- **Your goal**
A verbatim reproduction of the following listing is required; omit the pictures.

- **Data segment**
== Segment start ==

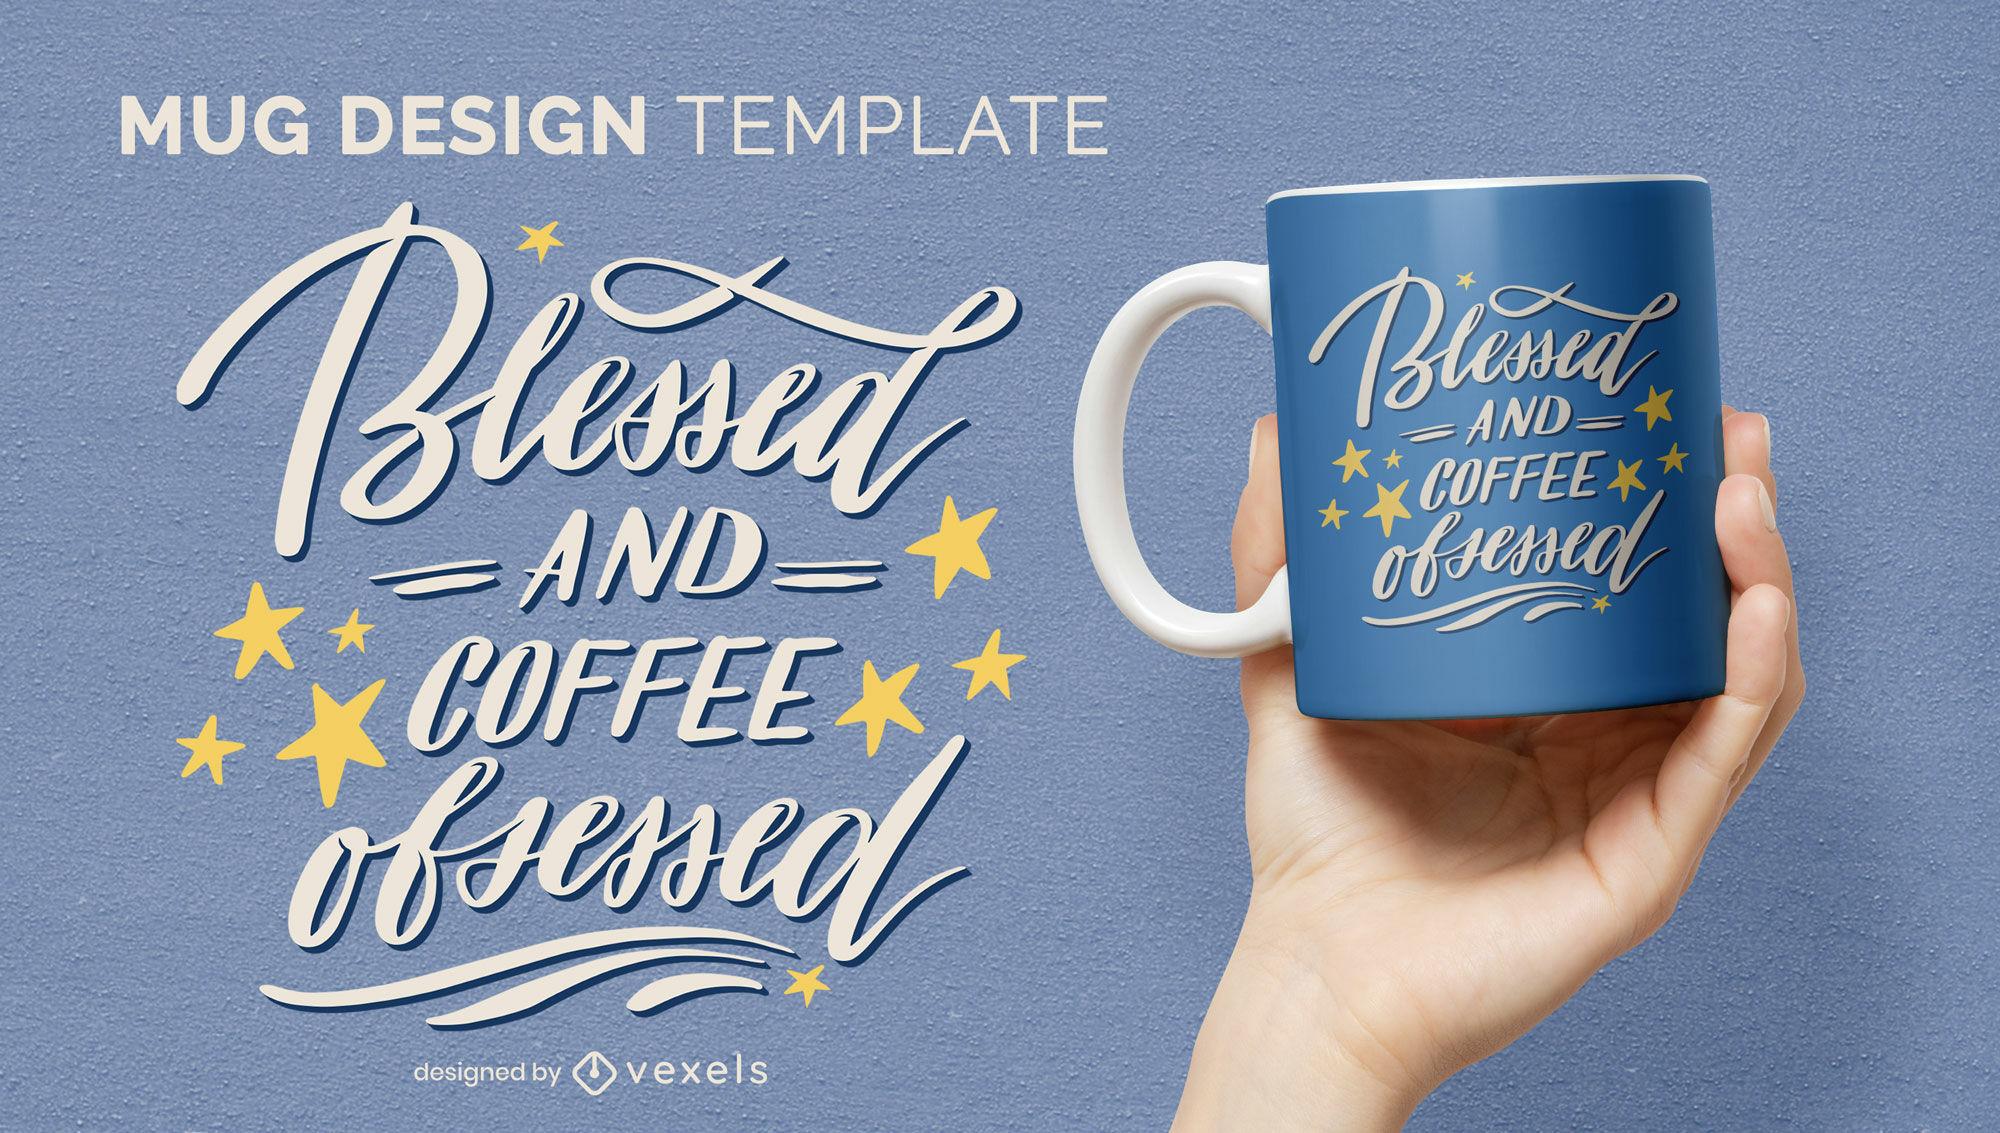 Motivational coffee quote mug design
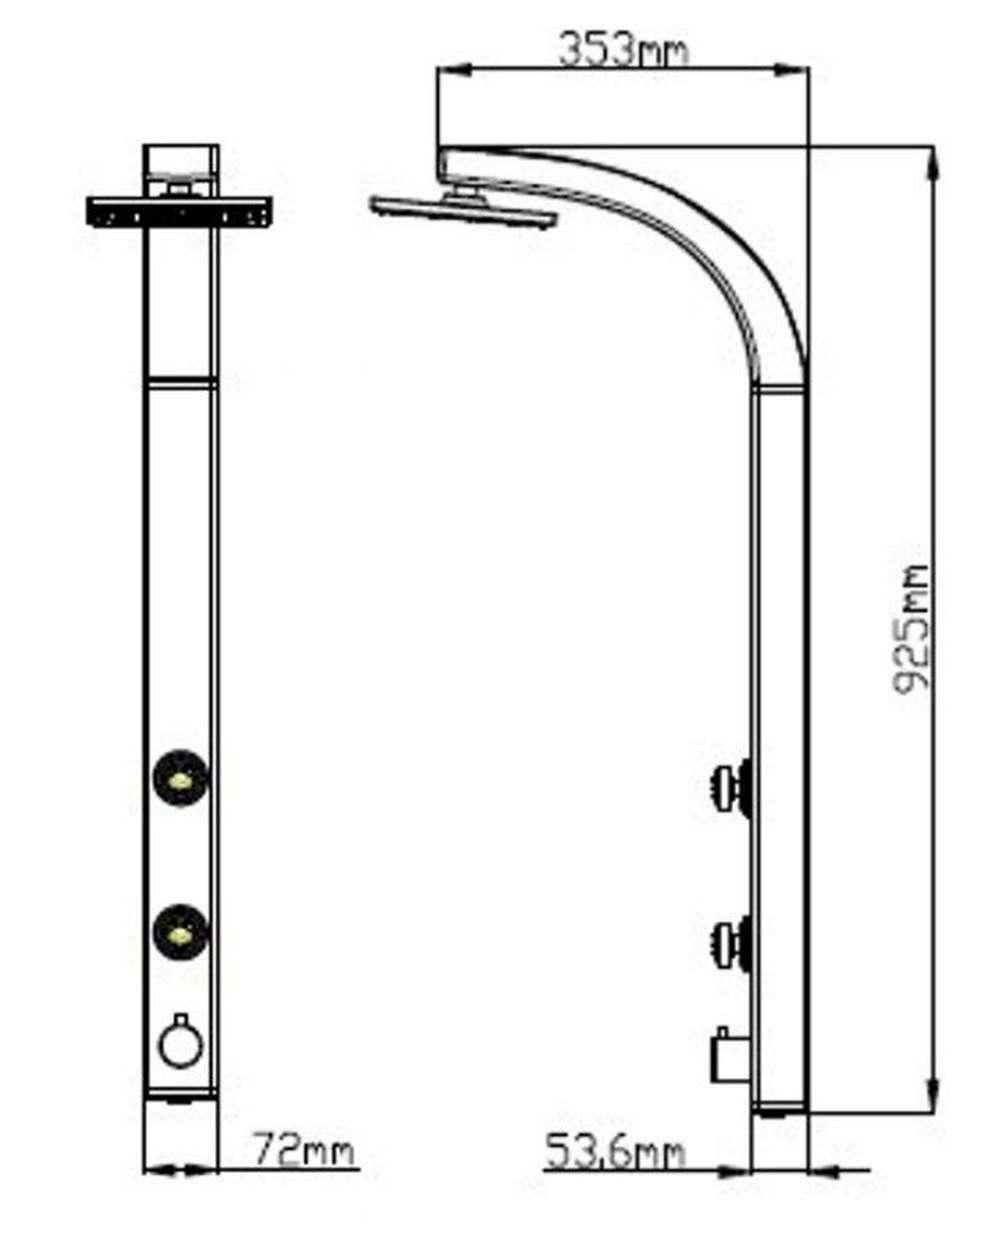 duschpaneel regendusche duscharmatur duschs ule dusche brause badarmatur silber ebay. Black Bedroom Furniture Sets. Home Design Ideas
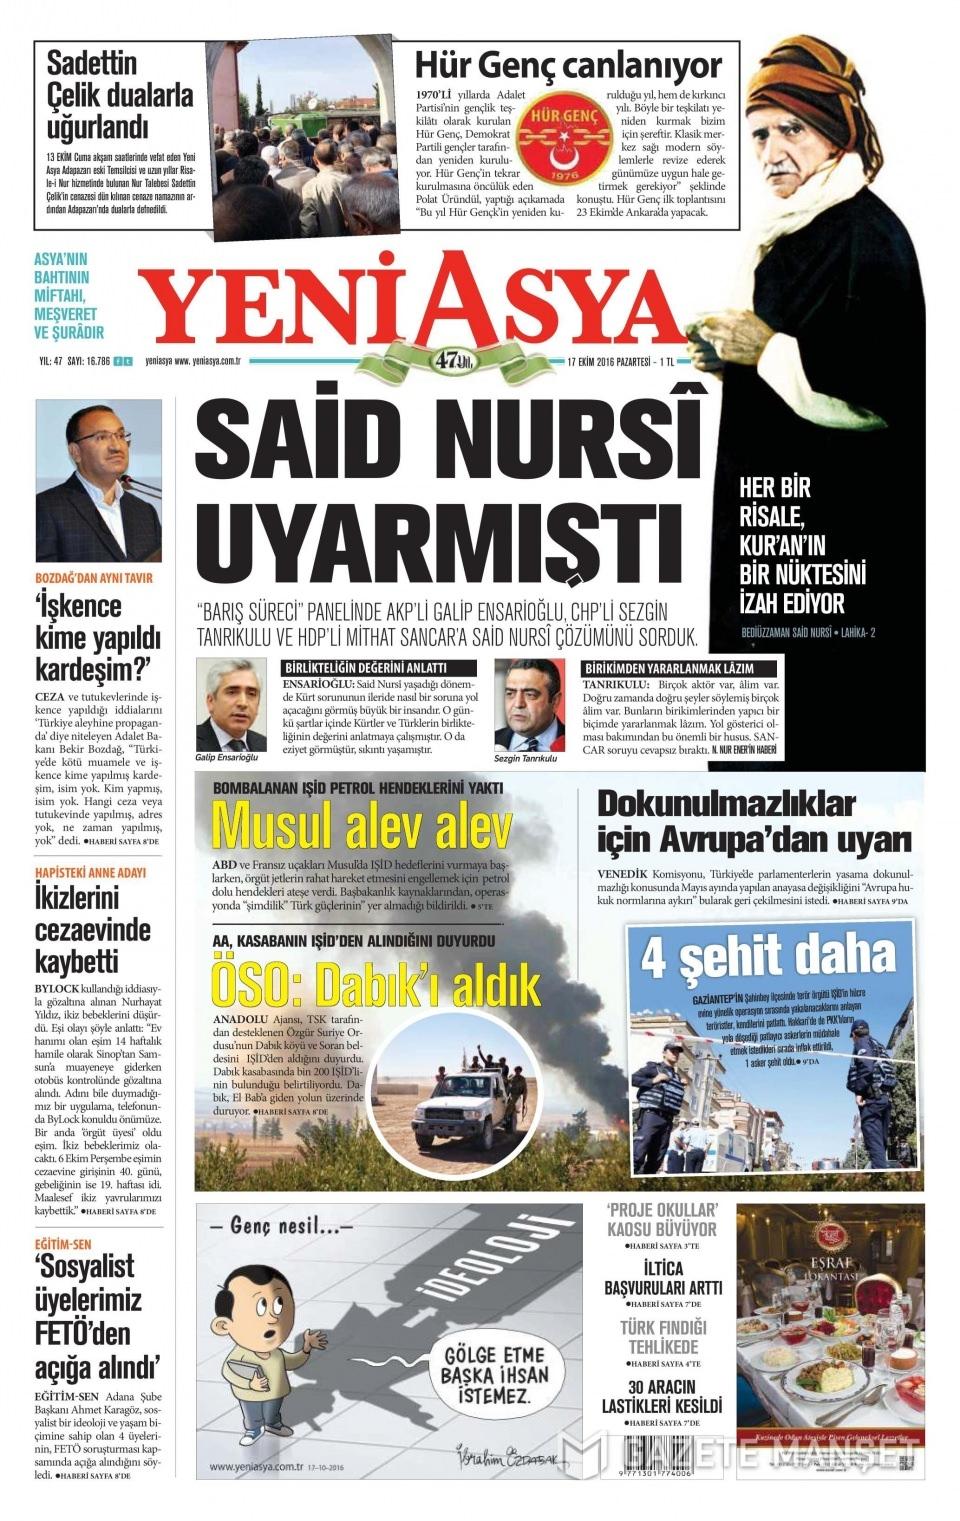 17 Ekim Pazartesi gazete manşetleri 18

== Segment end ==

- **Exercise result**
 Motivational coffee quote mug design
 duschpaneel regendusche duscharmatur duschs ule dusche brause badarmatur silber ebay. Black Bedroom Furniture Sets. Home Design Ideas
 17 Ekim Pazartesi gazete manşetleri 18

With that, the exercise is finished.